§ **Dataset extract**:
+ + + + +

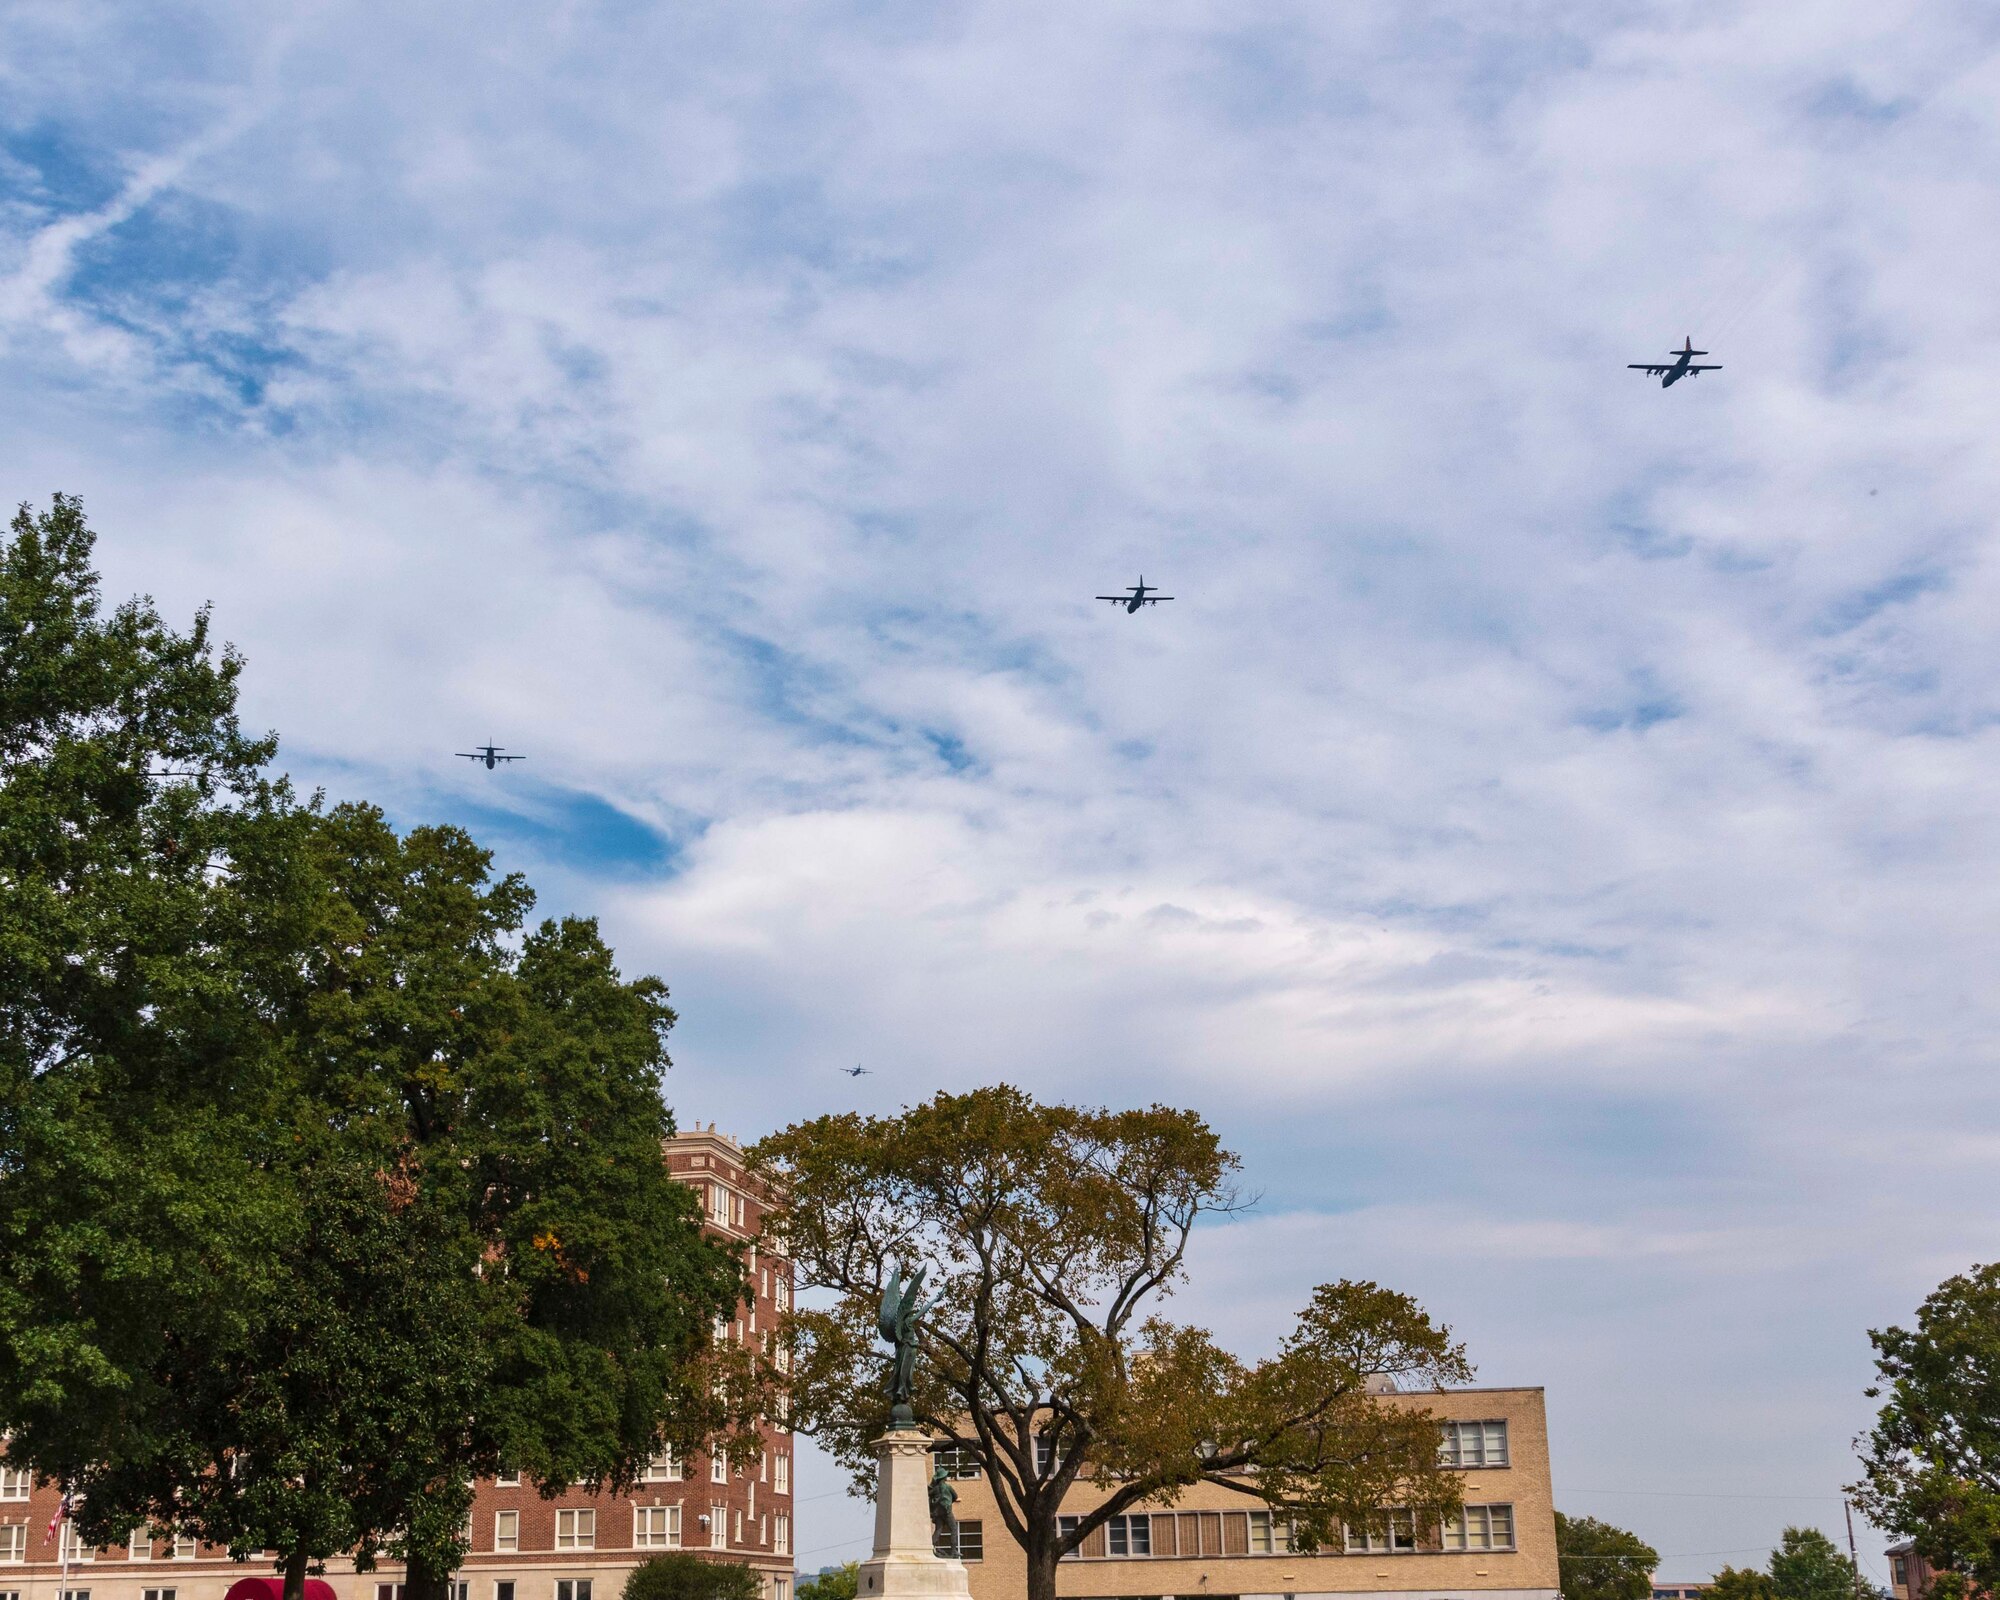 U.S. Air Force C-130s from Little Rock Air Force Base fly over Arkansas, Oct. 8, 2020, in celebration of the 65th anniversary of the base's first open house. The aerial review honored the local community for their unwavering support since 1955. (U.S. Air Force photo by Maj. Ashley Walker)
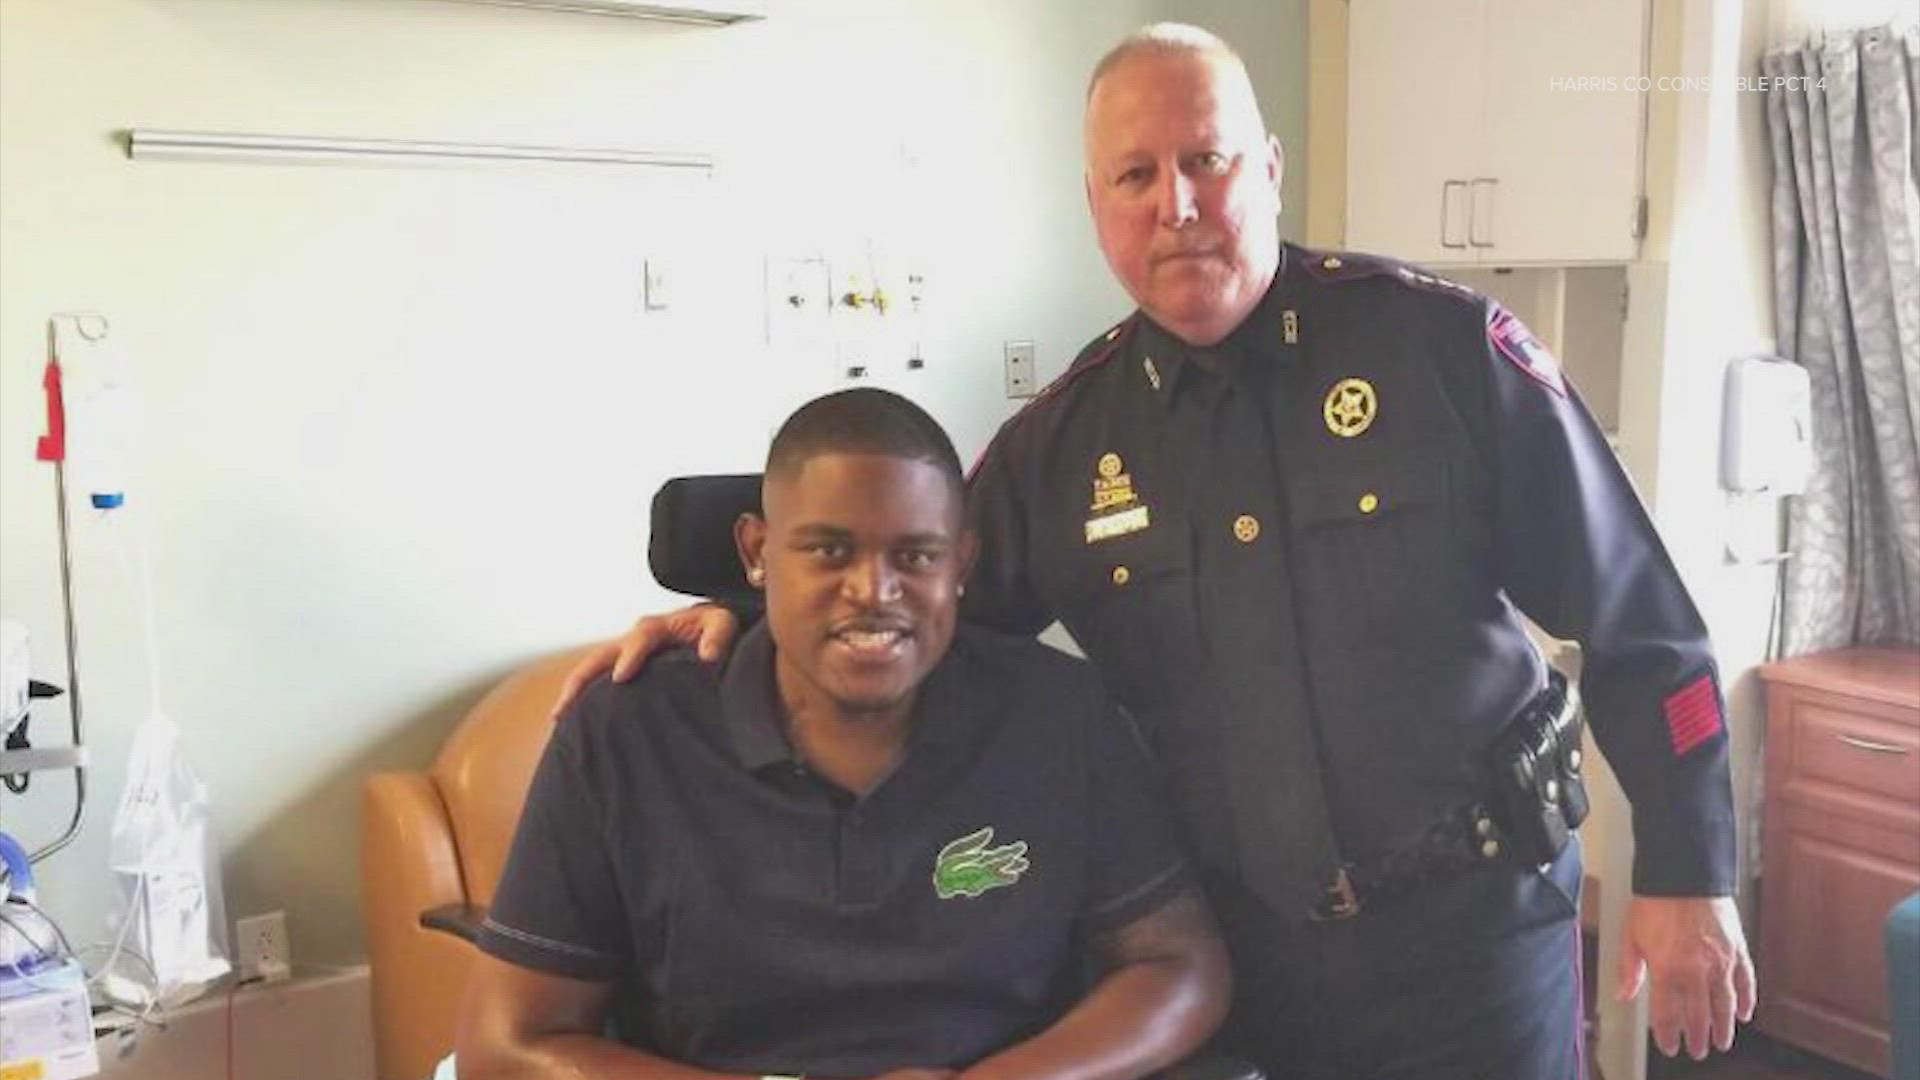 More than eight months after being shot during an ambush at a north Houston bar, Deputy Darryl Garrett was released from the hospital.
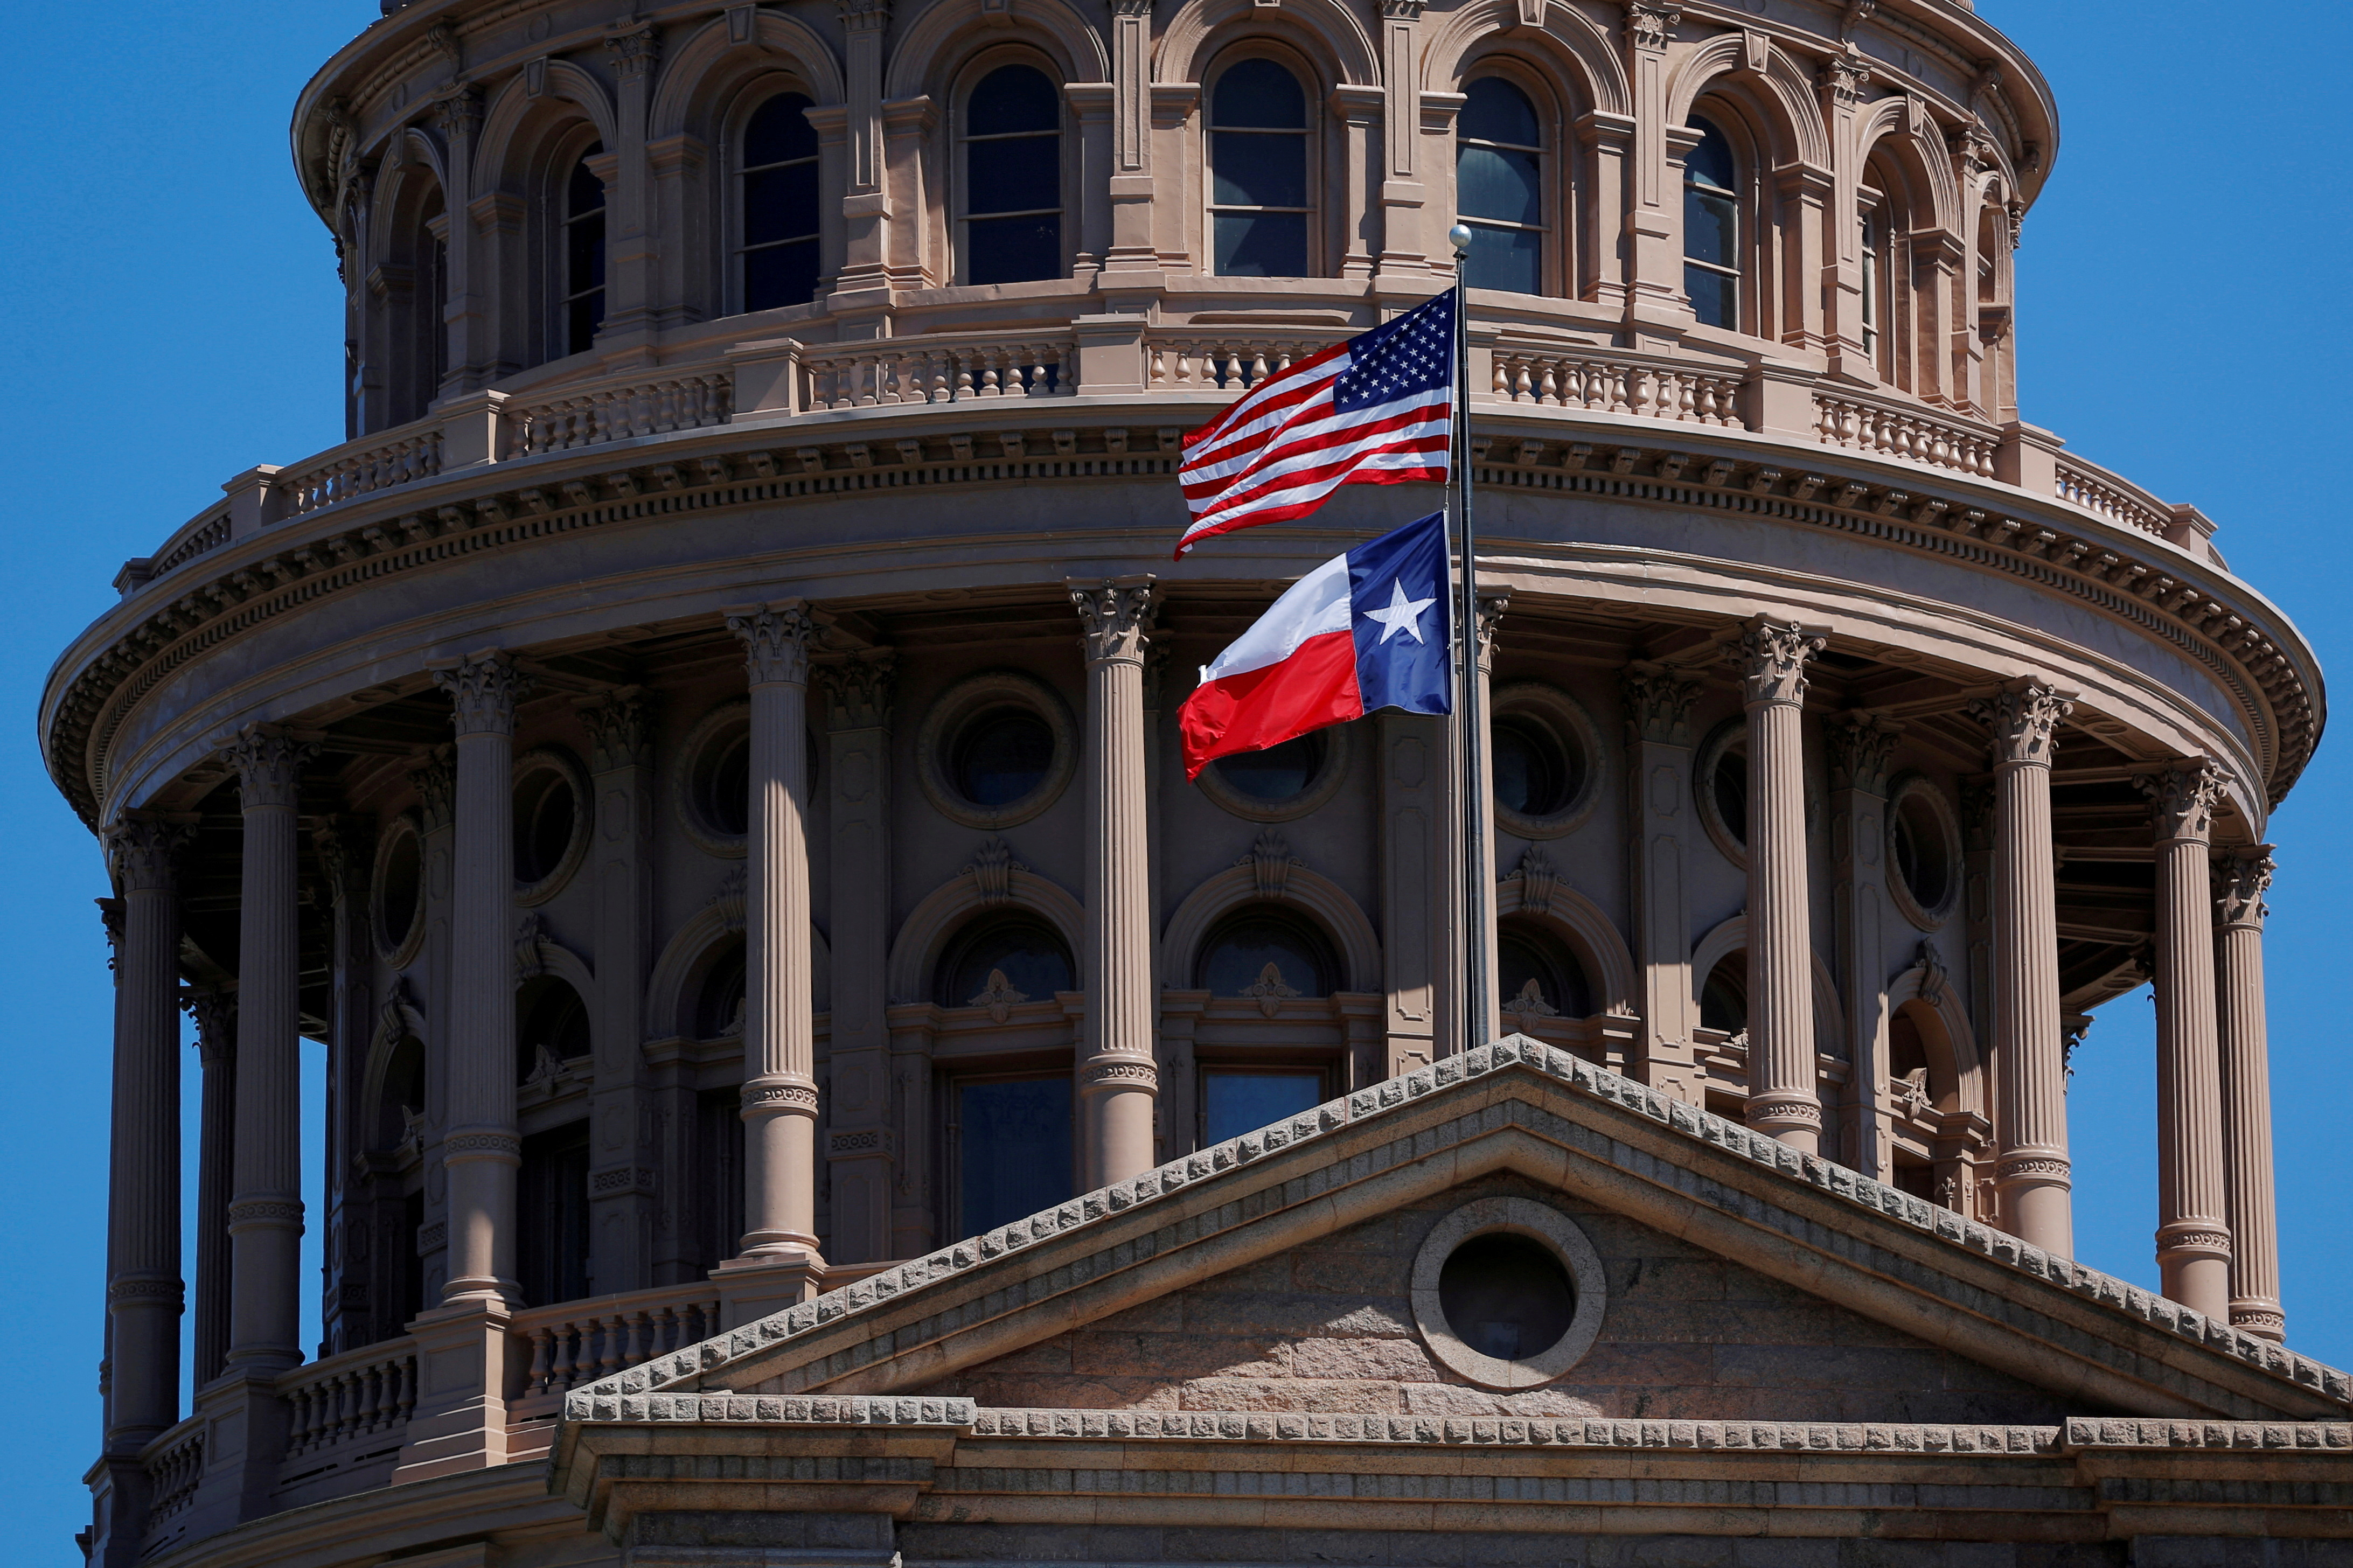 The U.S flag and the Texas State flag fly over the Texas State Capitol in Austin

+ + + + +

Could you return exactly the lines starting with the one that contains "More than eight" and ending with the last line of the data above? Leave the pictures out.

§ **Answer section**:
 More than eight months after being shot during an ambush at a north Houston bar, Deputy Darryl Garrett was released from the hospital.
 The U.S flag and the Texas State flag fly over the Texas State Capitol in Austin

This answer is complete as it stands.